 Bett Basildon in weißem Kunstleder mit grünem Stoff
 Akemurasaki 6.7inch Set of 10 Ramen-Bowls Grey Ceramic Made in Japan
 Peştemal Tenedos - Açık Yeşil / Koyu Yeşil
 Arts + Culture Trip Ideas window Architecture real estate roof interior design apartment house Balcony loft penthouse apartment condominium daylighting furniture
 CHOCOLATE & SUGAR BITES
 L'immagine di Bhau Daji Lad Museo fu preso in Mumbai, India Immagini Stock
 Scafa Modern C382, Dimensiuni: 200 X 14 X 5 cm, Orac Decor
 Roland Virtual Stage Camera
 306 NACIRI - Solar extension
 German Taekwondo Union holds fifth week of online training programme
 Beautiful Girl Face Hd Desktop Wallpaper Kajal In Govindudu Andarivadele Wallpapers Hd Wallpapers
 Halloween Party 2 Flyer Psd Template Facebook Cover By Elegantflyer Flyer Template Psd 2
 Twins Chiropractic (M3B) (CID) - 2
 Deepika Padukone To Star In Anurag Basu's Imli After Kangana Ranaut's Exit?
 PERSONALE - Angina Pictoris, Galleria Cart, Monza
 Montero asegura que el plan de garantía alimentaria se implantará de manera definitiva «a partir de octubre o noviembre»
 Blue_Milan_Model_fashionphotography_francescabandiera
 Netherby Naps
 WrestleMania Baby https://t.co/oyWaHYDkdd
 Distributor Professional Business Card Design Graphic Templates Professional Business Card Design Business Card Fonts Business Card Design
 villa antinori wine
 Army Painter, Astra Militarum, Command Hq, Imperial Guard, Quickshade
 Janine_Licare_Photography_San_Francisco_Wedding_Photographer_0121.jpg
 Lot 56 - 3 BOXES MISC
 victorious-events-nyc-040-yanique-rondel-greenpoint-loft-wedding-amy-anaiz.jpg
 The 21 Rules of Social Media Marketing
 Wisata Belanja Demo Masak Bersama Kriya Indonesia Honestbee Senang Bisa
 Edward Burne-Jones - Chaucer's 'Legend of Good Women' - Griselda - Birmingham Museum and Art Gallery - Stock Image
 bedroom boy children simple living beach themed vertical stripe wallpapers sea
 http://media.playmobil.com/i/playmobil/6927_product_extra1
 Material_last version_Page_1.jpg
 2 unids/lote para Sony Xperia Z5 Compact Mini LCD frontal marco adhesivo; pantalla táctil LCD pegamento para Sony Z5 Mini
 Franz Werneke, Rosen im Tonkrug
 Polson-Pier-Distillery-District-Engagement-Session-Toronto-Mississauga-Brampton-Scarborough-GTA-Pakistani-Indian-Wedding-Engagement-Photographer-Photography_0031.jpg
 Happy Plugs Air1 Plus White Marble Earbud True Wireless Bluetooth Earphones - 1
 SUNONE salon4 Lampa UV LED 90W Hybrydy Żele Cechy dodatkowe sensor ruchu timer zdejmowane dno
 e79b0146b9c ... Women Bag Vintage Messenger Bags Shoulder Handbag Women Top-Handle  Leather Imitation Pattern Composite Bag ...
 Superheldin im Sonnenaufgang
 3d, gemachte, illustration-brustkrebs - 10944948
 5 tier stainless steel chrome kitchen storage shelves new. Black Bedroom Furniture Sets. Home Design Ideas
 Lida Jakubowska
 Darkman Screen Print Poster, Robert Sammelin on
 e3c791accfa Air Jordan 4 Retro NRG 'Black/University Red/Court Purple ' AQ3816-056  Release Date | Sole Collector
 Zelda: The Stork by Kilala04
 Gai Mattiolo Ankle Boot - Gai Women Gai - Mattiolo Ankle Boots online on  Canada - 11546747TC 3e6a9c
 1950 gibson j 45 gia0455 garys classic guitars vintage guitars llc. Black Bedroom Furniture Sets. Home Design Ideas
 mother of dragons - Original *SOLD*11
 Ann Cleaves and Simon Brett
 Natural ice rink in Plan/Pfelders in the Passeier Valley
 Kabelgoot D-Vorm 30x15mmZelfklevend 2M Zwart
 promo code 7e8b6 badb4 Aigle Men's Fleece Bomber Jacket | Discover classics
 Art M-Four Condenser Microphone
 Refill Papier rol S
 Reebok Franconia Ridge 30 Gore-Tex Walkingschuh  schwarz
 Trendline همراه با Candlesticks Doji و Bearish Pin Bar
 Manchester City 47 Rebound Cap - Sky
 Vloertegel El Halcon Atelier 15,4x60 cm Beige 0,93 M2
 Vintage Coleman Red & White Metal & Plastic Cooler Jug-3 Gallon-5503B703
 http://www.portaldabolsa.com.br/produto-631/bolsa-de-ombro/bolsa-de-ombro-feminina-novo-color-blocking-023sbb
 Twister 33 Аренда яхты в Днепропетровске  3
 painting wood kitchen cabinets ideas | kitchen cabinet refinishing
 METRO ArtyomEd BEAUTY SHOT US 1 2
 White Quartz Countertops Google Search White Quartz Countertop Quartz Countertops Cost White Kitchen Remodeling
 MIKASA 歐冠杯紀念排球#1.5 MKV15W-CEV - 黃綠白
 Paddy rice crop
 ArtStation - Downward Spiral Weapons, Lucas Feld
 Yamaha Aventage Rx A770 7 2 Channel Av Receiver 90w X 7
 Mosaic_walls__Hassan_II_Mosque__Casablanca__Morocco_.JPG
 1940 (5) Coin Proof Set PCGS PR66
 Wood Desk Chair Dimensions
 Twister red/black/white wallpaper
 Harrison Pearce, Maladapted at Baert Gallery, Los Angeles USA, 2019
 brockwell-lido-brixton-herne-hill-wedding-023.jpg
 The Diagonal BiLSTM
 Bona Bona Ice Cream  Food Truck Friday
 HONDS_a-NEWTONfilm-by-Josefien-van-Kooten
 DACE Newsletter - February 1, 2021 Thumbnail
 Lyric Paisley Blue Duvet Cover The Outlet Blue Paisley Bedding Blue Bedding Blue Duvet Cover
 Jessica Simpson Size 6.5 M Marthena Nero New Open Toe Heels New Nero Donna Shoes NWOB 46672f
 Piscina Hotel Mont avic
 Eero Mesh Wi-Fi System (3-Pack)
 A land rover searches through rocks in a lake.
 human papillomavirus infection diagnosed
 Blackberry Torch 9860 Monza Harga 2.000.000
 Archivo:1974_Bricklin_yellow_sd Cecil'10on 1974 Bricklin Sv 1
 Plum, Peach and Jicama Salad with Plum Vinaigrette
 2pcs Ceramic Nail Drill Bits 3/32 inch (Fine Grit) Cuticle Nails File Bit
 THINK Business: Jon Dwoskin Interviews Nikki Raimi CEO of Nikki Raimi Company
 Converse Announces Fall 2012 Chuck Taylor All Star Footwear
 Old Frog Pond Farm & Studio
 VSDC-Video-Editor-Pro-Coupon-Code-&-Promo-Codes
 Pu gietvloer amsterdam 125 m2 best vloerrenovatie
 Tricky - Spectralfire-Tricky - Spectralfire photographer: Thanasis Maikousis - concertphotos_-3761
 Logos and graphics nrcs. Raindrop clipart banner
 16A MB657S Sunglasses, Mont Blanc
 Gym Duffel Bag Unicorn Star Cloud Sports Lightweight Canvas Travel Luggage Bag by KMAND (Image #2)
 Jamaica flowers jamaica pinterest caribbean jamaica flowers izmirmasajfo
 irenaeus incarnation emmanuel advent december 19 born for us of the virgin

Work item:
Repeat the records above exactly.

Response below:
 Bett Basildon in weißem Kunstleder mit grünem Stoff
 Akemurasaki 6.7inch Set of 10 Ramen-Bowls Grey Ceramic Made in Japan
 Peştemal Tenedos - Açık Yeşil / Koyu Yeşil
 Arts + Culture Trip Ideas window Architecture real estate roof interior design apartment house Balcony loft penthouse apartment condominium daylighting furniture
 CHOCOLATE & SUGAR BITES
 L'immagine di Bhau Daji Lad Museo fu preso in Mumbai, India Immagini Stock
 Scafa Modern C382, Dimensiuni: 200 X 14 X 5 cm, Orac Decor
 Roland Virtual Stage Camera
 306 NACIRI - Solar extension
 German Taekwondo Union holds fifth week of online training programme
 Beautiful Girl Face Hd Desktop Wallpaper Kajal In Govindudu Andarivadele Wallpapers Hd Wallpapers
 Halloween Party 2 Flyer Psd Template Facebook Cover By Elegantflyer Flyer Template Psd 2
 Twins Chiropractic (M3B) (CID) - 2
 Deepika Padukone To Star In Anurag Basu's Imli After Kangana Ranaut's Exit?
 PERSONALE - Angina Pictoris, Galleria Cart, Monza
 Montero asegura que el plan de garantía alimentaria se implantará de manera definitiva «a partir de octubre o noviembre»
 Blue_Milan_Model_fashionphotography_francescabandiera
 Netherby Naps
 WrestleMania Baby https://t.co/oyWaHYDkdd
 Distributor Professional Business Card Design Graphic Templates Professional Business Card Design Business Card Fonts Business Card Design
 villa antinori wine
 Army Painter, Astra Militarum, Command Hq, Imperial Guard, Quickshade
 Janine_Licare_Photography_San_Francisco_Wedding_Photographer_0121.jpg
 Lot 56 - 3 BOXES MISC
 victorious-events-nyc-040-yanique-rondel-greenpoint-loft-wedding-amy-anaiz.jpg
 The 21 Rules of Social Media Marketing
 Wisata Belanja Demo Masak Bersama Kriya Indonesia Honestbee Senang Bisa
 Edward Burne-Jones - Chaucer's 'Legend of Good Women' - Griselda - Birmingham Museum and Art Gallery - Stock Image
 bedroom boy children simple living beach themed vertical stripe wallpapers sea
 http://media.playmobil.com/i/playmobil/6927_product_extra1
 Material_last version_Page_1.jpg
 2 unids/lote para Sony Xperia Z5 Compact Mini LCD frontal marco adhesivo; pantalla táctil LCD pegamento para Sony Z5 Mini
 Franz Werneke, Rosen im Tonkrug
 Polson-Pier-Distillery-District-Engagement-Session-Toronto-Mississauga-Brampton-Scarborough-GTA-Pakistani-Indian-Wedding-Engagement-Photographer-Photography_0031.jpg
 Happy Plugs Air1 Plus White Marble Earbud True Wireless Bluetooth Earphones - 1
 SUNONE salon4 Lampa UV LED 90W Hybrydy Żele Cechy dodatkowe sensor ruchu timer zdejmowane dno
 e79b0146b9c ... Women Bag Vintage Messenger Bags Shoulder Handbag Women Top-Handle  Leather Imitation Pattern Composite Bag ...
 Superheldin im Sonnenaufgang
 3d, gemachte, illustration-brustkrebs - 10944948
 5 tier stainless steel chrome kitchen storage shelves new. Black Bedroom Furniture Sets. Home Design Ideas
 Lida Jakubowska
 Darkman Screen Print Poster, Robert Sammelin on
 e3c791accfa Air Jordan 4 Retro NRG 'Black/University Red/Court Purple ' AQ3816-056  Release Date | Sole Collector
 Zelda: The Stork by Kilala04
 Gai Mattiolo Ankle Boot - Gai Women Gai - Mattiolo Ankle Boots online on  Canada - 11546747TC 3e6a9c
 1950 gibson j 45 gia0455 garys classic guitars vintage guitars llc. Black Bedroom Furniture Sets. Home Design Ideas
 mother of dragons - Original *SOLD*11
 Ann Cleaves and Simon Brett
 Natural ice rink in Plan/Pfelders in the Passeier Valley
 Kabelgoot D-Vorm 30x15mmZelfklevend 2M Zwart
 promo code 7e8b6 badb4 Aigle Men's Fleece Bomber Jacket | Discover classics
 Art M-Four Condenser Microphone
 Refill Papier rol S
 Reebok Franconia Ridge 30 Gore-Tex Walkingschuh  schwarz
 Trendline همراه با Candlesticks Doji و Bearish Pin Bar
 Manchester City 47 Rebound Cap - Sky
 Vloertegel El Halcon Atelier 15,4x60 cm Beige 0,93 M2
 Vintage Coleman Red & White Metal & Plastic Cooler Jug-3 Gallon-5503B703
 http://www.portaldabolsa.com.br/produto-631/bolsa-de-ombro/bolsa-de-ombro-feminina-novo-color-blocking-023sbb
 Twister 33 Аренда яхты в Днепропетровске  3
 painting wood kitchen cabinets ideas | kitchen cabinet refinishing
 METRO ArtyomEd BEAUTY SHOT US 1 2
 White Quartz Countertops Google Search White Quartz Countertop Quartz Countertops Cost White Kitchen Remodeling
 MIKASA 歐冠杯紀念排球#1.5 MKV15W-CEV - 黃綠白
 Paddy rice crop
 ArtStation - Downward Spiral Weapons, Lucas Feld
 Yamaha Aventage Rx A770 7 2 Channel Av Receiver 90w X 7
 Mosaic_walls__Hassan_II_Mosque__Casablanca__Morocco_.JPG
 1940 (5) Coin Proof Set PCGS PR66
 Wood Desk Chair Dimensions
 Twister red/black/white wallpaper
 Harrison Pearce, Maladapted at Baert Gallery, Los Angeles USA, 2019
 brockwell-lido-brixton-herne-hill-wedding-023.jpg
 The Diagonal BiLSTM
 Bona Bona Ice Cream  Food Truck Friday
 HONDS_a-NEWTONfilm-by-Josefien-van-Kooten
 DACE Newsletter - February 1, 2021 Thumbnail
 Lyric Paisley Blue Duvet Cover The Outlet Blue Paisley Bedding Blue Bedding Blue Duvet Cover
 Jessica Simpson Size 6.5 M Marthena Nero New Open Toe Heels New Nero Donna Shoes NWOB 46672f
 Piscina Hotel Mont avic
 Eero Mesh Wi-Fi System (3-Pack)
 A land rover searches through rocks in a lake.
 human papillomavirus infection diagnosed
 Blackberry Torch 9860 Monza Harga 2.000.000
 Archivo:1974_Bricklin_yellow_sd Cecil'10on 1974 Bricklin Sv 1
 Plum, Peach and Jicama Salad with Plum Vinaigrette
 2pcs Ceramic Nail Drill Bits 3/32 inch (Fine Grit) Cuticle Nails File Bit
 THINK Business: Jon Dwoskin Interviews Nikki Raimi CEO of Nikki Raimi Company
 Converse Announces Fall 2012 Chuck Taylor All Star Footwear
 Old Frog Pond Farm & Studio
 VSDC-Video-Editor-Pro-Coupon-Code-&-Promo-Codes
 Pu gietvloer amsterdam 125 m2 best vloerrenovatie
 Tricky - Spectralfire-Tricky - Spectralfire photographer: Thanasis Maikousis - concertphotos_-3761
 Logos and graphics nrcs. Raindrop clipart banner
 16A MB657S Sunglasses, Mont Blanc
 Gym Duffel Bag Unicorn Star Cloud Sports Lightweight Canvas Travel Luggage Bag by KMAND (Image #2)
 Jamaica flowers jamaica pinterest caribbean jamaica flowers izmirmasajfo
 irenaeus incarnation emmanuel advent december 19 born for us of the virgin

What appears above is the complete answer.